Currently I have a light attached to the back of my rack bag. Which kind of works but a) it doesn't seem too secure and b) it wobbles around a lot - so most of the light just shines down at the road.

The rack as a little bracket thingy at the back - which currently has my rear-reflector on it.

What I'd like to do is to attach the light to one of the downward struts of the rack - however it's far far too narrow for the fitting that came with the light (or any other fitting I've seen in a shop)

Are there any fttings out there that will attach to a bar that thin? Or is it a case of frigging it? (if so - any suggestions?)


----------



## Bollo (18 Oct 2010)

Hi Ergates!

I've the same rack on my commuter. I tried a few 'engineering solutions' for attaching a light to the rack (in my case an extra light) but got nowhere with cable ties and I don't much like tape. There is this......

Busch and Muller dtoplight




which looks like it might fit directly to rack tubing, but I'd double check before purchase.
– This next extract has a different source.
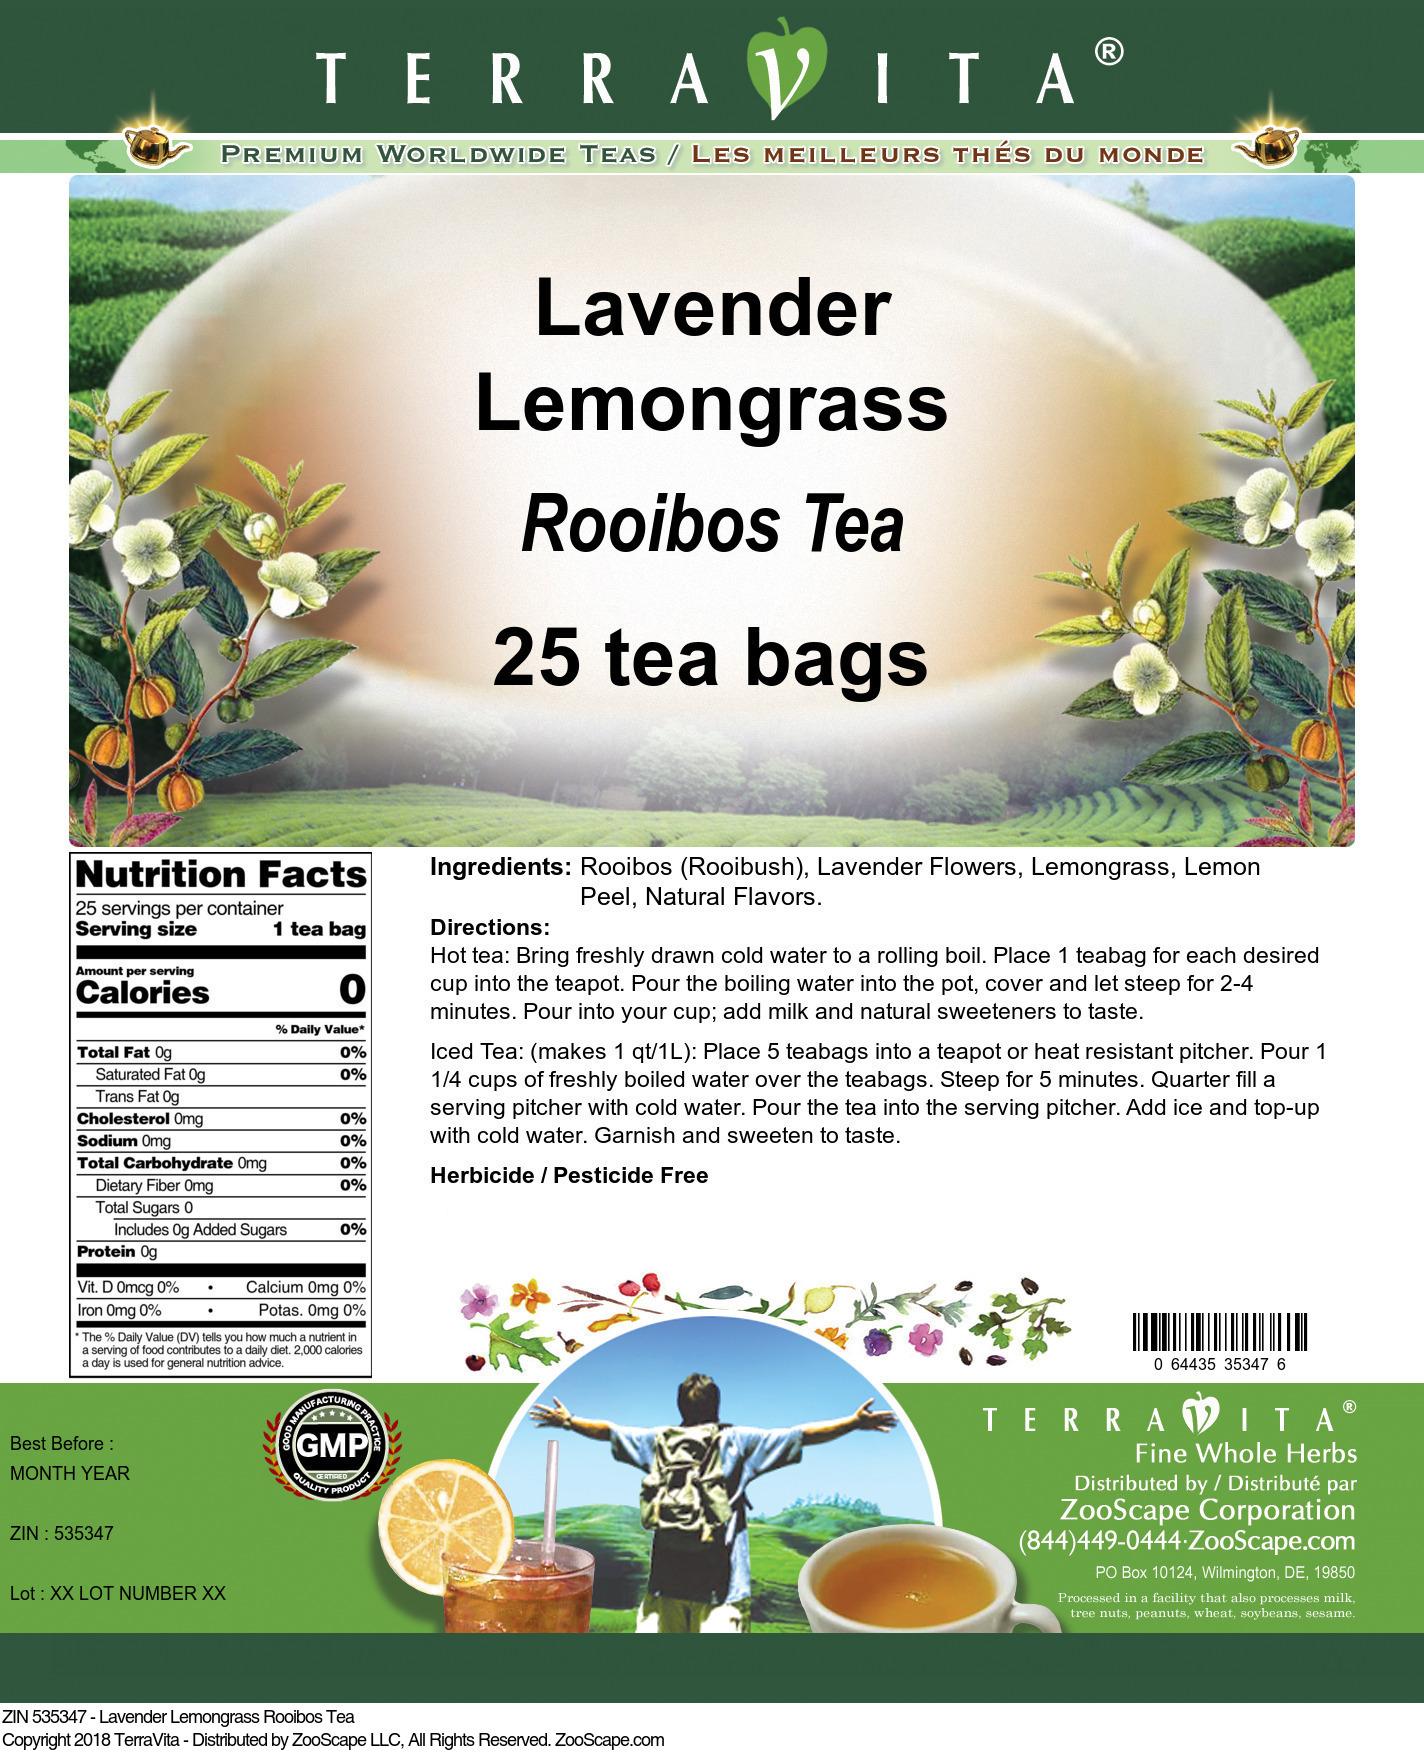 Lavender Lemongrass Rooibos Tea

Alternatively, what about getting a combined rear light/reflector, like this one....

Cateye reflex


It seems that with this you also get the rack adapter.

Also have a trawl around the SJS website for specialist fittings; you might come across something that will work with your existing light. I'm not specifically endorsing SJS as they're not cheap and not particularly fast, but their stock is very comprehensive, especially for obscure bits and pieces.


----------



## mcshroom (18 Oct 2010)

What sort of rear light have you got?

I currently run a Cateye using one of these mounts instead of the rear reflector. There are other mounts for other lights available like this smart one.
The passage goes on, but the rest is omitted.